5th transmitting element, when the quantity of the antenna port for including at least two antenna port is less than the quantity of maximum antenna port, the IMRSo is sent on the reserved RE to network equipment repetition

53rd, user equipment according to claim 52, it is characterised in that the user equipment also includes： 3rd receiving module, for receiving the control signaling that the network equipment is sent, the control signaling is used to indicate whether to repeat to send the IMRS;

Wherein, the sending module is additionally operable to：When the control signaling that the 3rd receiving module is received indicates to repeat to send the IMRS, the IMRS is sent to network equipment repetition on the reserved RE.

54th, user equipment according to claim 53, it is characterised in that the control signaling that the 3rd receiving module is received is the peculiar signaling of user equipment.

55th, user equipment according to claim 47, it is characterised in that the orthogonal mode includes at least one of following orthogonal manner：Time-division is orthogonal, frequency division is orthogonal, code division is orthogonal and space division is orthogonal.

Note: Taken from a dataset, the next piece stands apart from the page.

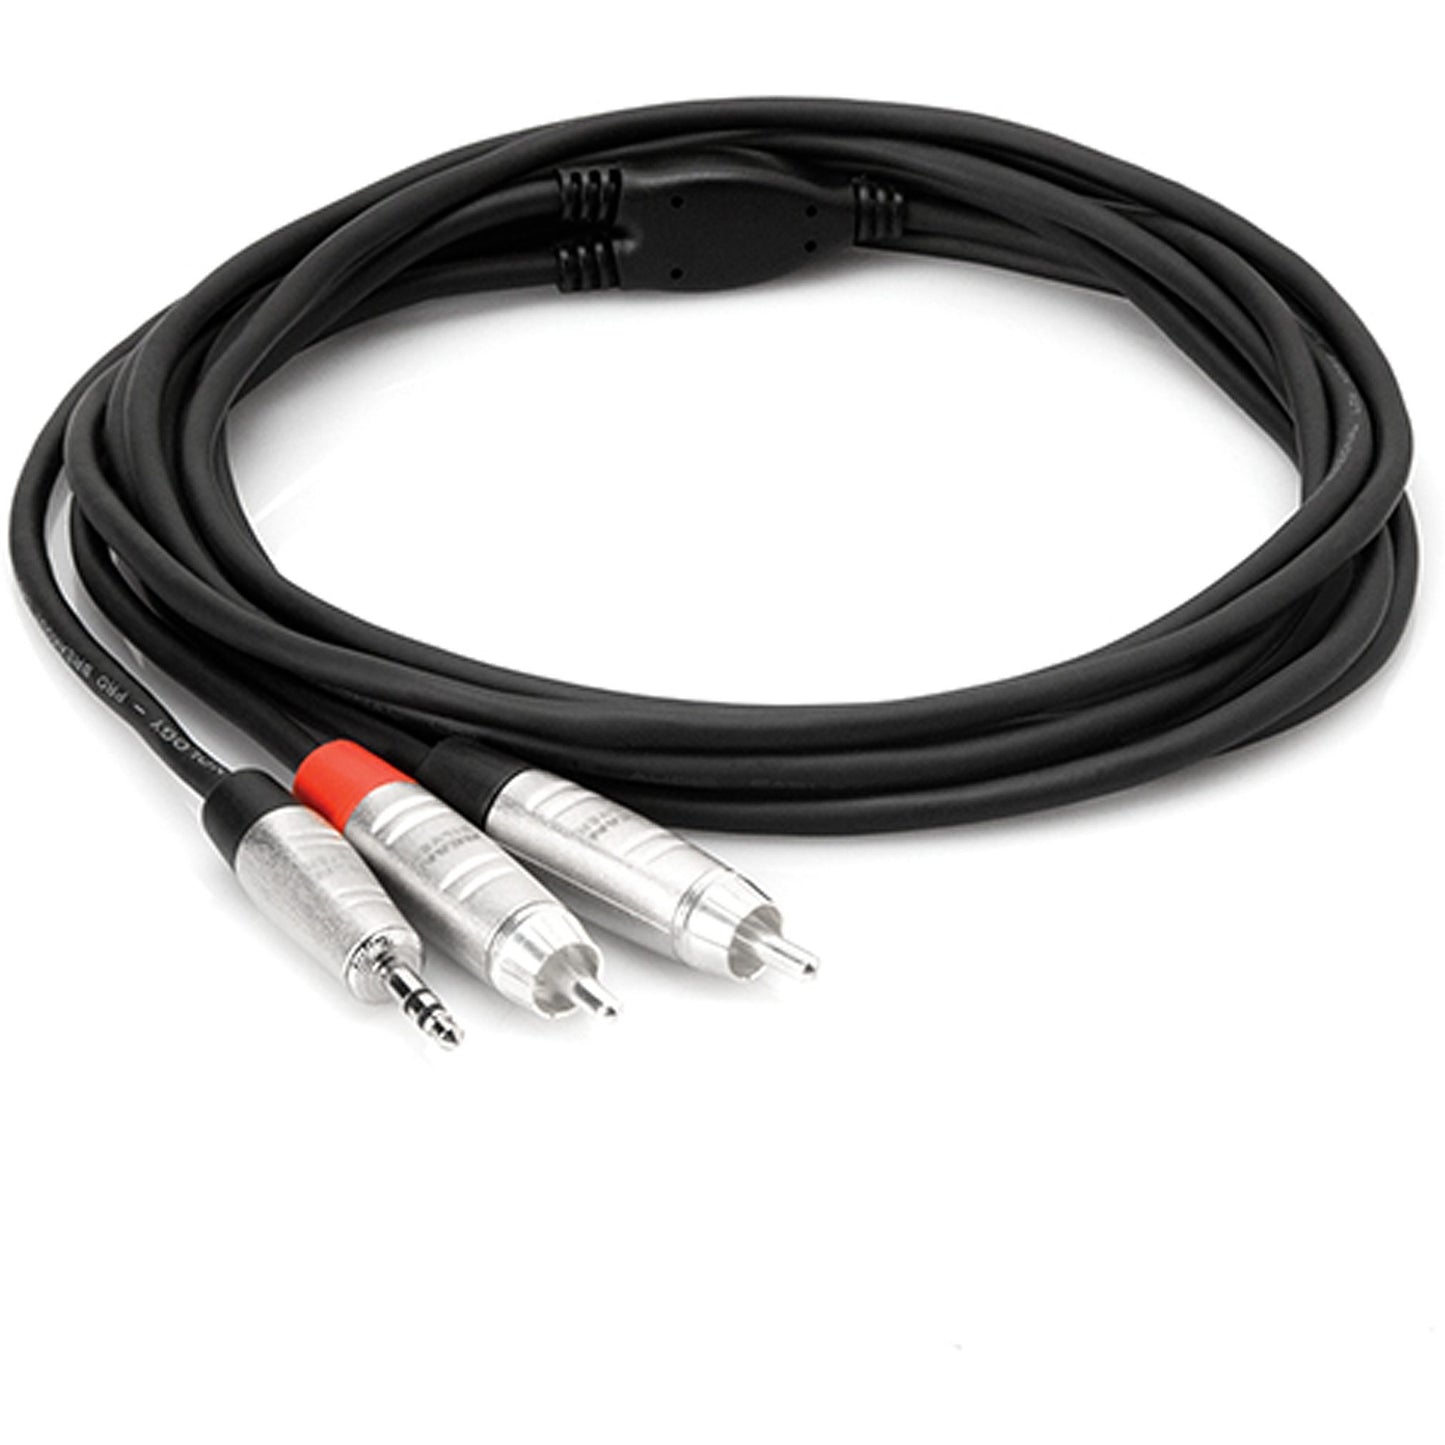 Hosa REAN Pro Stereo Breakout Mini to Dual RCA Cable, 3 Foot

56th, user equipment according to claim 46, it is characterised in that second receiving module includes：

6th receiving unit, for receiving the network equipment by least two antenna ports indicated by the also included antenna port information of the dispatch, identical reserves the IMRS sent on RE using non-orthogonal resource in the PRB;Or

The sending module includes：

6th transmitting element, for by least two antenna port, the IMRS to be sent to the network equipment using non-orthogonal resource on the reserved RE of identical in the PRB.

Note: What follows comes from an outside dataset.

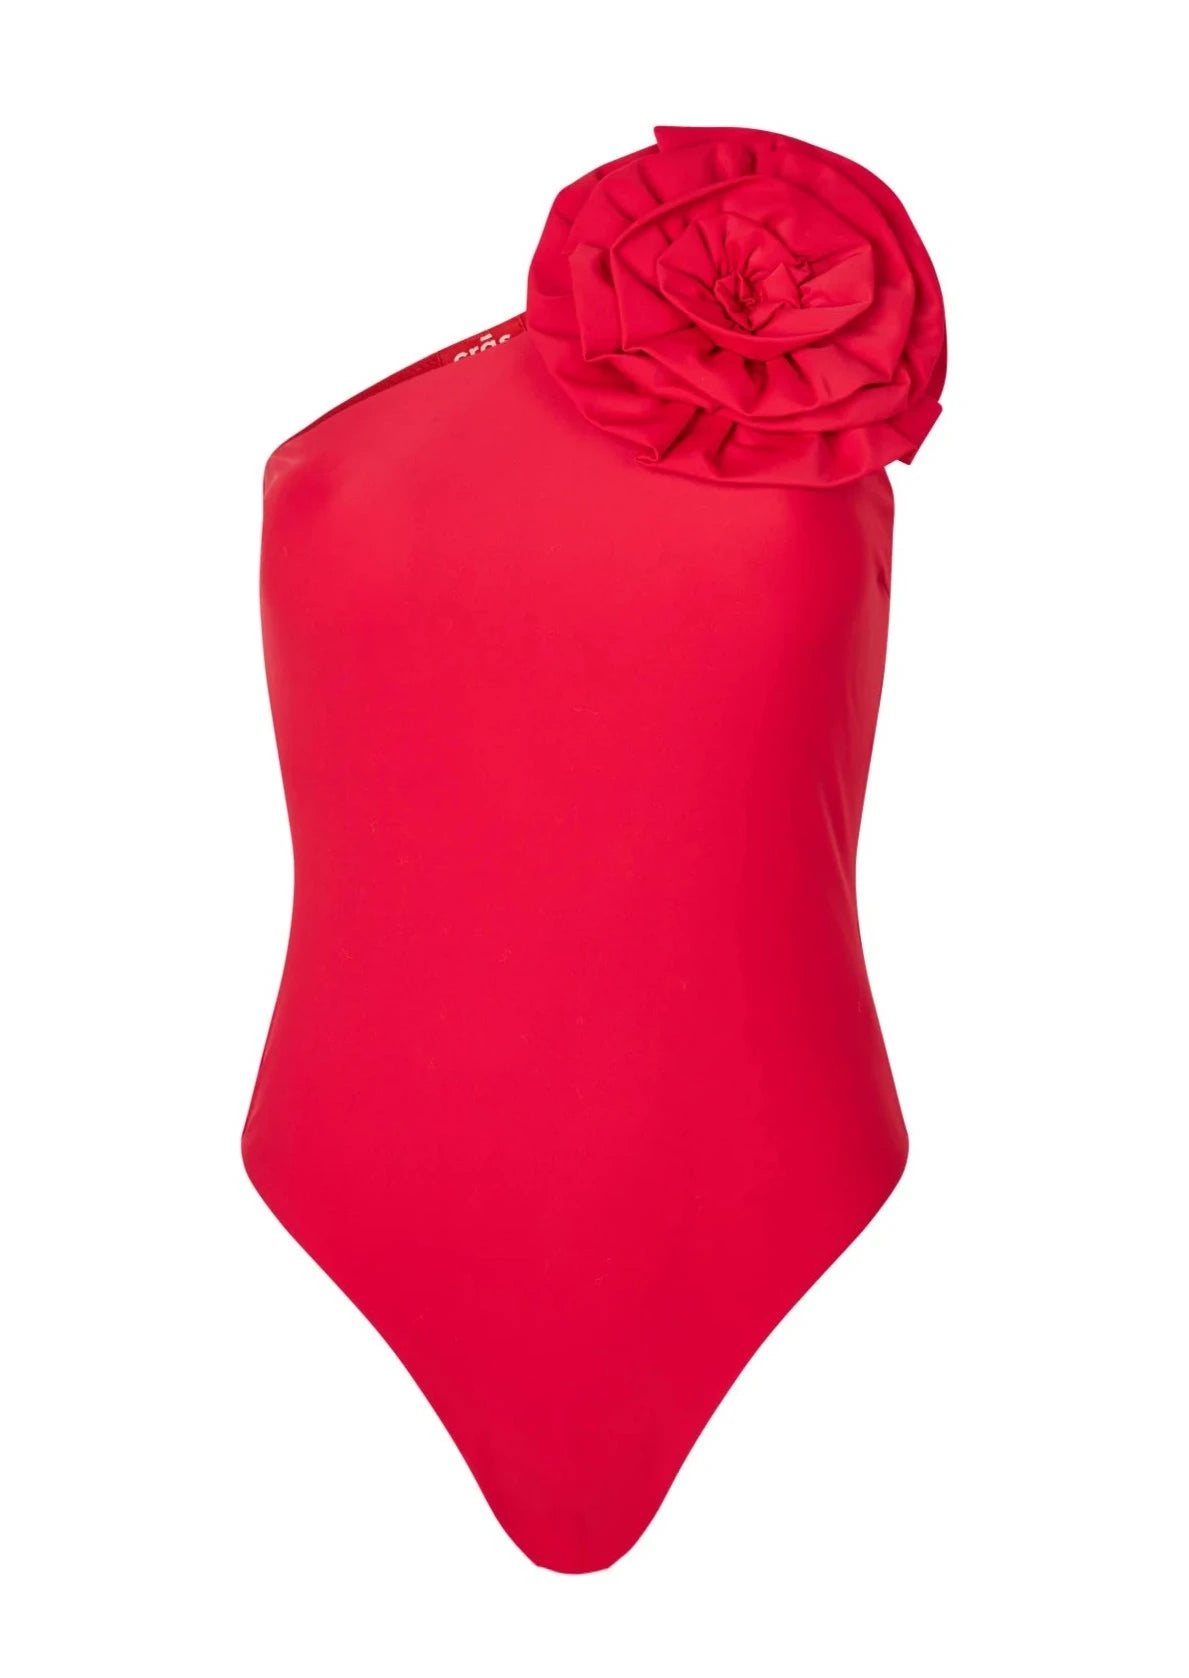 CRAS CARRIE ROSE SWIMSUIT

57th, user equipment according to claim 46, it is characterised in that the transmission sequence that each antenna port at least two antenna port is used is identical.

58th, the user equipment according to any one of claim 46 to 57, it is characterized in that, the quantity of reserved RE in the PRB that the frequency resource information that first receiving module is received is indicated is fixed as the transmission number of plies of maximum for the quantity of the reserved RE in fixed value, or the PRB；Or second receiving module is additionally operable to：Receive the IMRS generated according at least one of scrambler and root sequence that the network equipment is sent;

The sending module is additionally operable to：The IMRS generated according at least one of scrambler and root sequence is sent to the network equipment.

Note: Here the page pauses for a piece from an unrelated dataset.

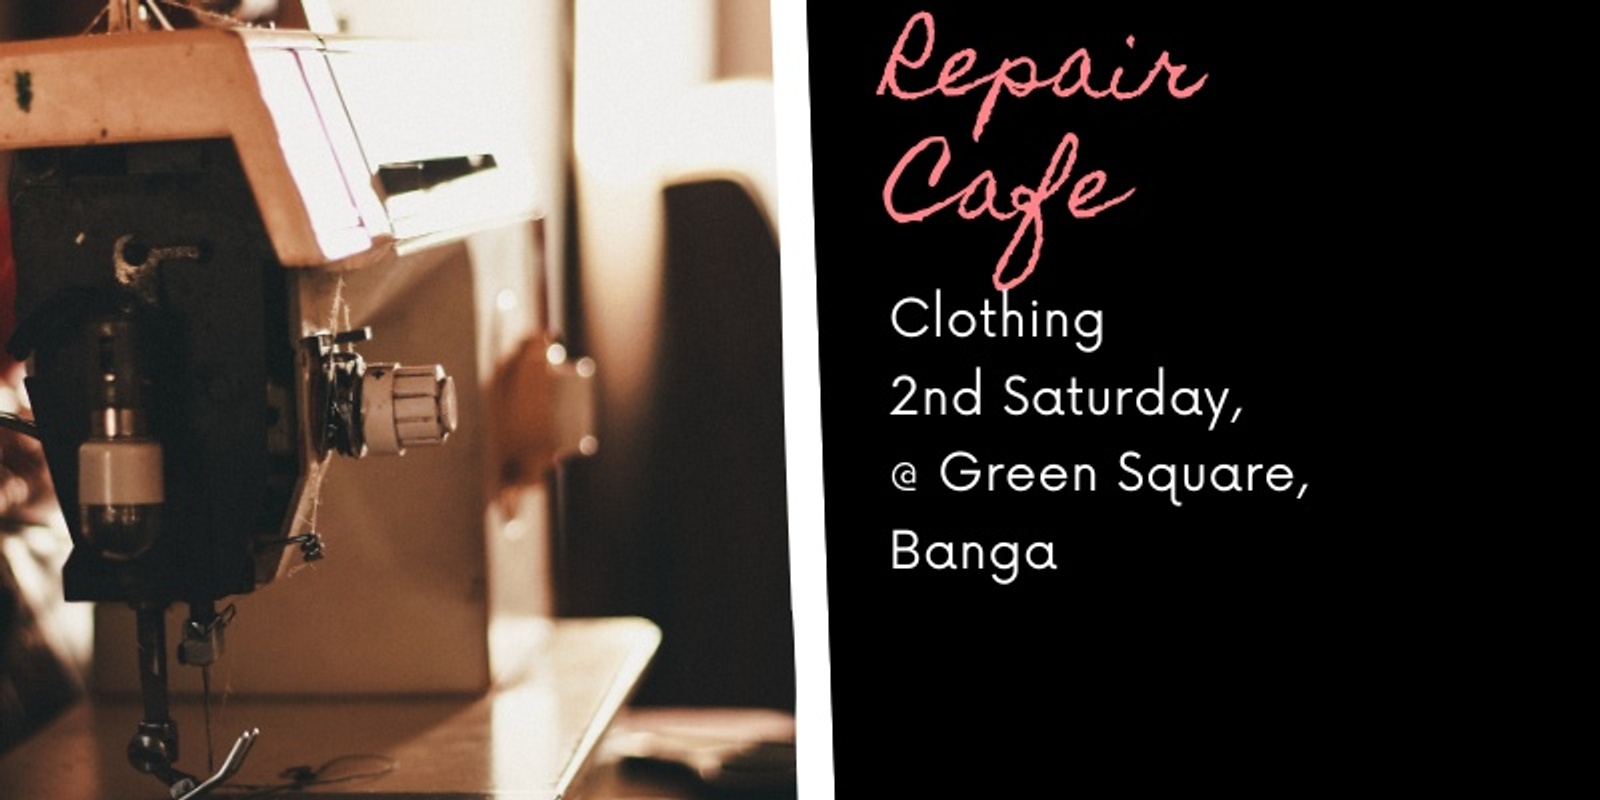 Banner image for Zetland Repair Cafe - Clothing

59th, the user equipment according to any one of claim 46 to 58, it is characterised in that second receiving module includes：

7th receiving unit, adds for receiving the network equipment according to the IMRS for controlling transmit power or the weighted value of precoding to send, and receiving the network equipment on the PRB according to described The downlink data signal that weights are sent；Or

The sending module includes：

7th transmitting element, for according to being used to control transmit power or the weighted value of precoding, sending the IMRS to the network equipment, and the upstream data. signals are sent to the network equipment according to the weighted value on the PRB.

60th, the user equipment according to any one of claim 46 to 59, it is characterised in that second receiving module includes：

8th receiving unit, for receiving the IMRS that the network equipment is sent, the interference information is determined according to being measured to the IMRS, the interference information is sent to the network equipment, and receives on the PRB downlink data signal that the network equipment is sent based on the interference information；Or receive the IMRS that the network equipment is sent, the interference information is determined according to being measured to the IMRS, receiver coefficient is determined according to the interference information, and the downlink data signal that the network equipment is sent is received according to the receiver coefficient of determination；Or

The sending module includes：

8th transmitting element, for sending the IMRS to the network equipment, the Dispatching adjustment signaling that the basis of the network equipment transmission is measured and determined to the IMRS is received, and the upstream data. signals are sent to the network equipment on the PRB based on the Dispatching adjustment signaling.